Оставшиеся же в городе редко выходят из своих полутемных квартир, предпочитая уединение и желтоватый свет настольной лампы. Здесь среди шкафов и нагромождения прочей мебели в «полутора» комнатах, по большей части, можно затаиваться и выжидать.
десять лет на свободе
а все еще каждое утро
просыпаешься в позе плода
весь подобравшись
ладони зажаты в коленях
подбородок – между ключиц
и лежишь себе как запятая
в документе каком-то
на письме симпатическом тайном
совершенно секретном
Так Виктор Кривулин описывает состояние находящегося в недрах гигантского доходного дома где-нибудь на Литейном или на Петроградской стороне, на Среднем проспекте или в районе Обводного канала.

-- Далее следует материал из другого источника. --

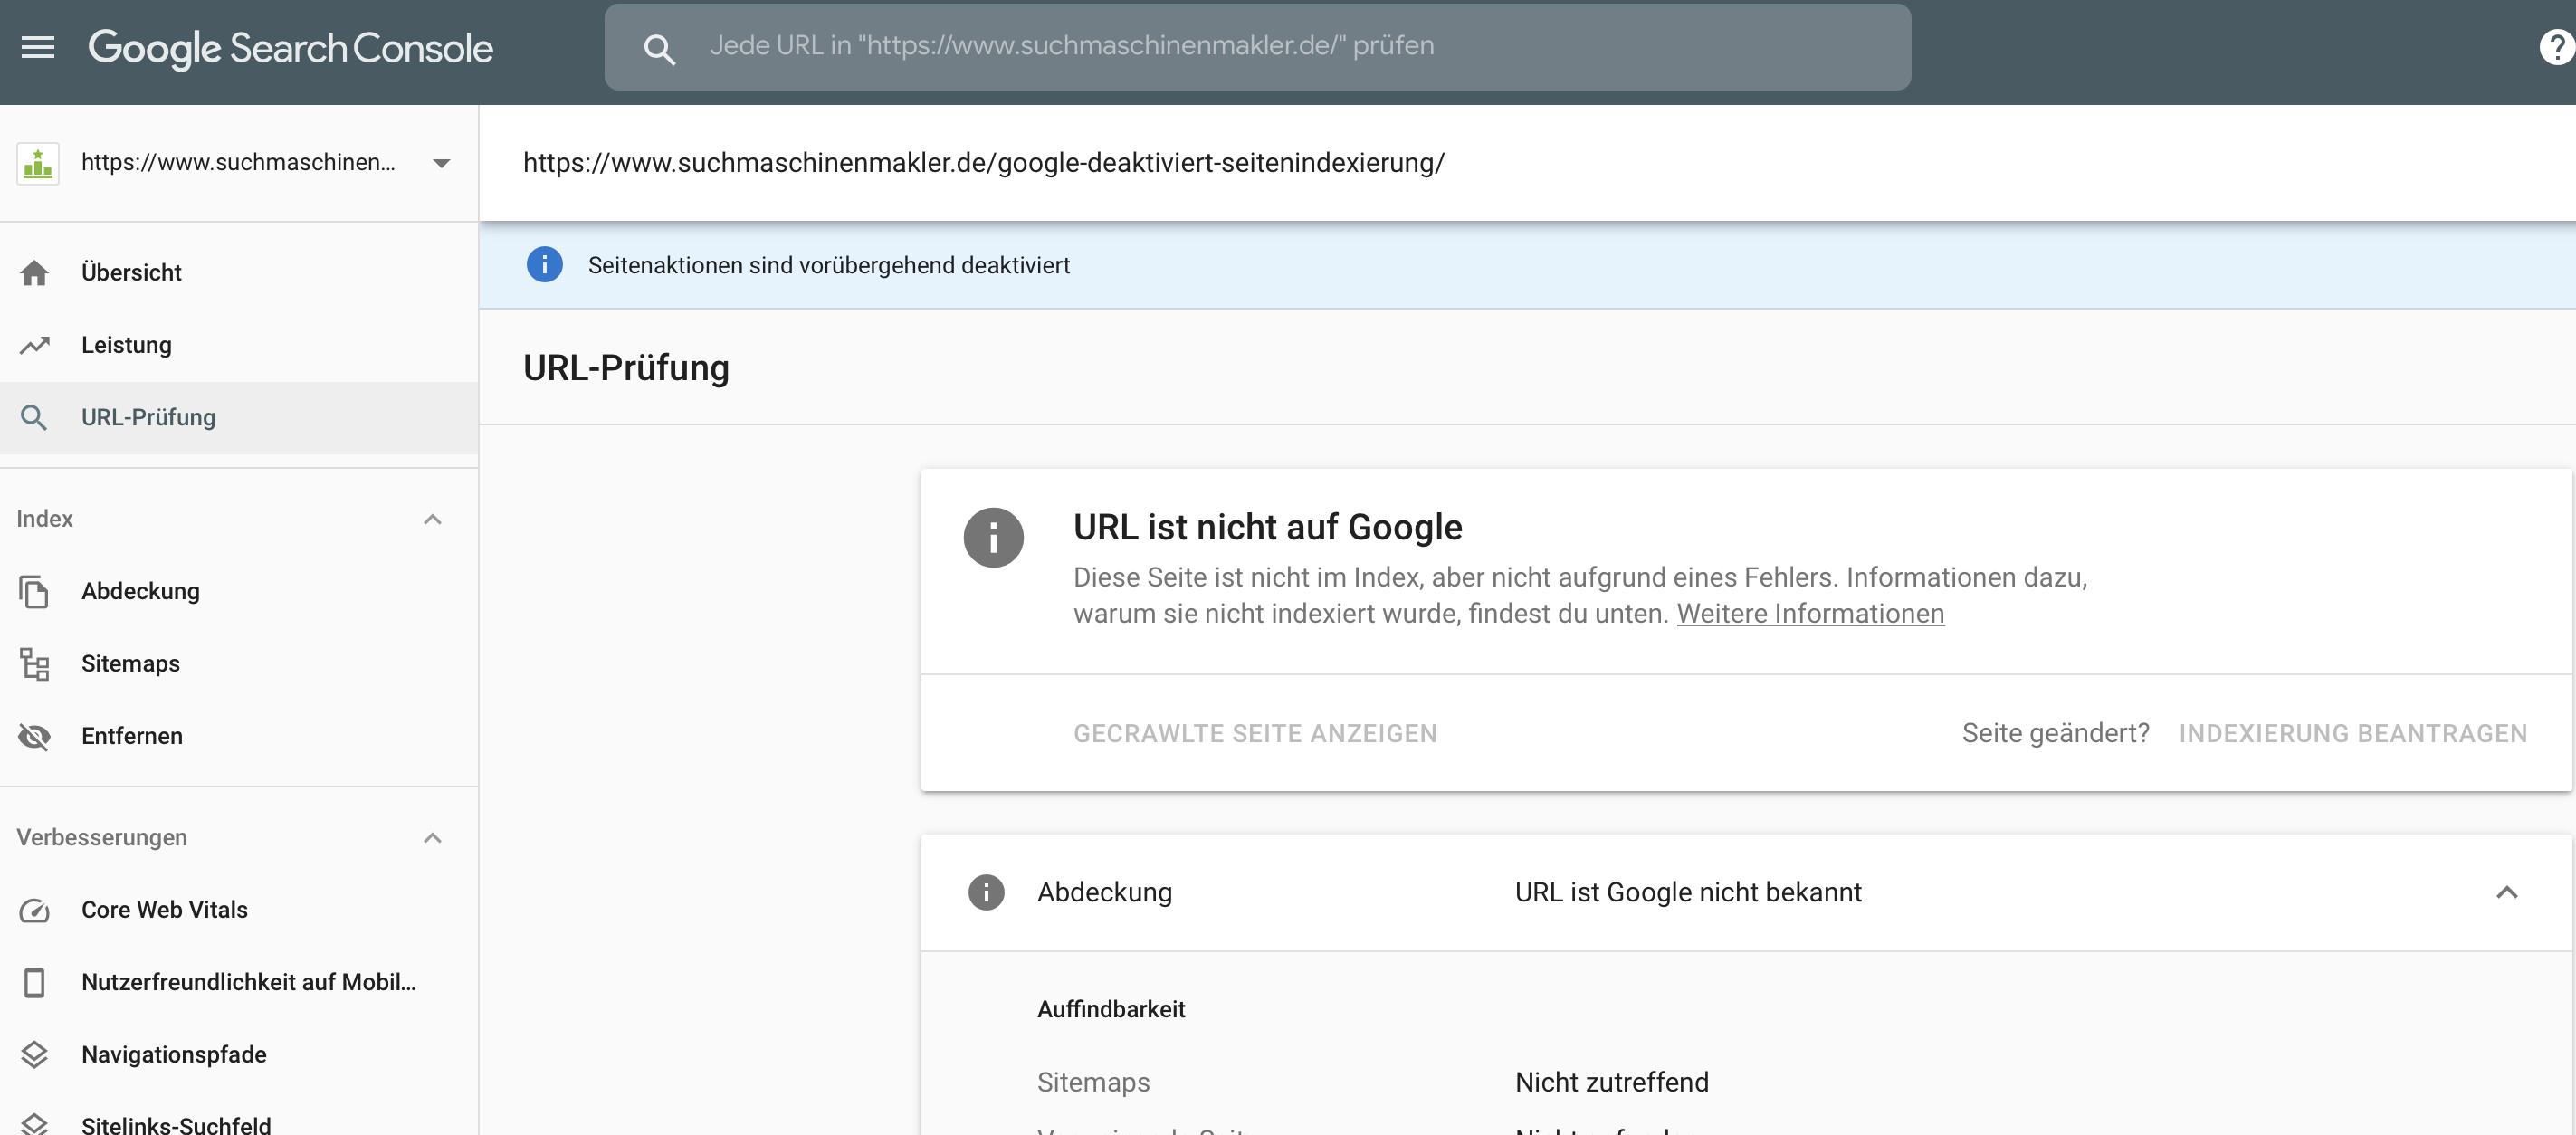 Google deaktiviert Indexierung

Об оставшихся в Ленинграде в те годы говорить как-то не принято, более же о тех вспоминают, кто решился отправиться в бесконечное путешествие на Запад.
Однако, невольно обозревая литературный ландшафт Ленинграда 60-х – 70-х годов, невозможно обойти вниманием неофициальную питерскую литературу, имевшую хождение в самиздате, а также в малотиражных советских публикациях, что заявит о себе лишь в конце 80-х – первой половине 90-х, когда все заговорят о Риде Грачеве и Викторе Голявкине, Олеге Григорьеве и Борисе Вахтине, Олеге Охапкине и Викторе Кривулине, Владимире Губине и Олеге Базунове, Генрихе Шефе и Владимире Эрле.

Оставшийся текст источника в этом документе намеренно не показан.